JNChell - I showed her my soft, vulnerable and anxious side. Also, my caring supportive and protective side.
Of course, bigger picture, I know these personality traits are generally very unattractive for women, who seem to respond to large doses of aloofness.
theyre not (unattractive). they dont (respond to aloofness).
broadly speaking, this may have a lot more to do with inner beliefs, as well as the relationships you choose, and some combination of self fulfilling prophecies, and the lessons you have learned from past relationships.
I've come to realise that she had fallen in love with the guarded and cold me, and fallen out of love with the "real" me that was lurking underneath.
but you are partly right.
the "real you" wasnt rejected. that is ego speaking. the part of you that you guard, and desperately want to be loved for, but fear revealing, was rejected.

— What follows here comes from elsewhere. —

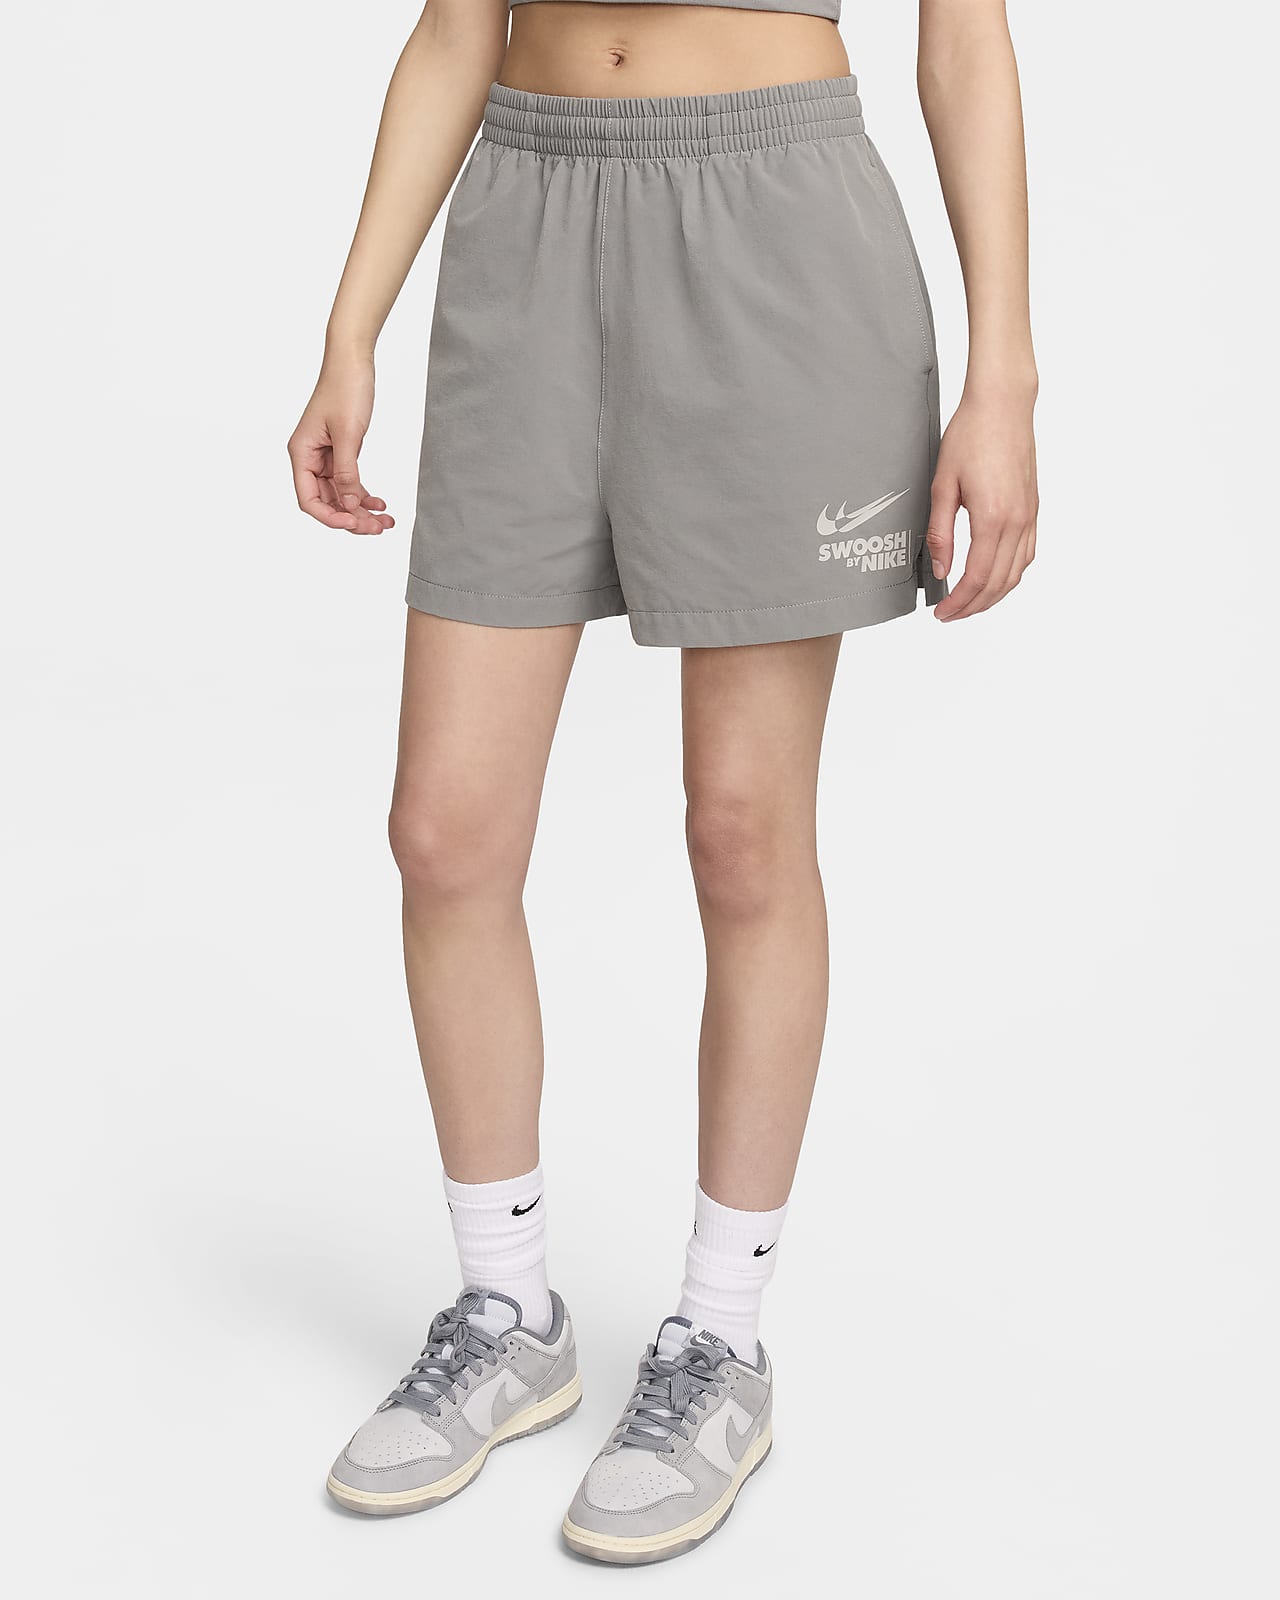 Calções entrançados Nike Sportswear para mulher

and no bones about it, that hurts on a deep, deep level, that can leave long lasting or permanent scars, especially if we learn the wrong lessons from it.
you could learn the lesson that this cold, guarded version is the loveable you that women will accept and love. you could learn that being vulnerable will turn women off. and if you do, your capacity to love and be loved will likely decrease and result in less rewarding relationships.
on the other hand, you can learn the lesson of becoming the best version of yourself - the
authentic version, that is capable of real strength, and vulnerability, and genuine intimacy.
at the core of this relationship was both the desperate longing for, and crippling fear of intimacy, on both sides. it wasnt a rejection of who either truly was - neither of you were who you truly are.
we love those who love us.
For Love to survive and flourish, it must be reciprocated or it withers away.
that was my attitude at one time, too

i hope youll stick around, Pan. you can learn a lifetime of lessons here.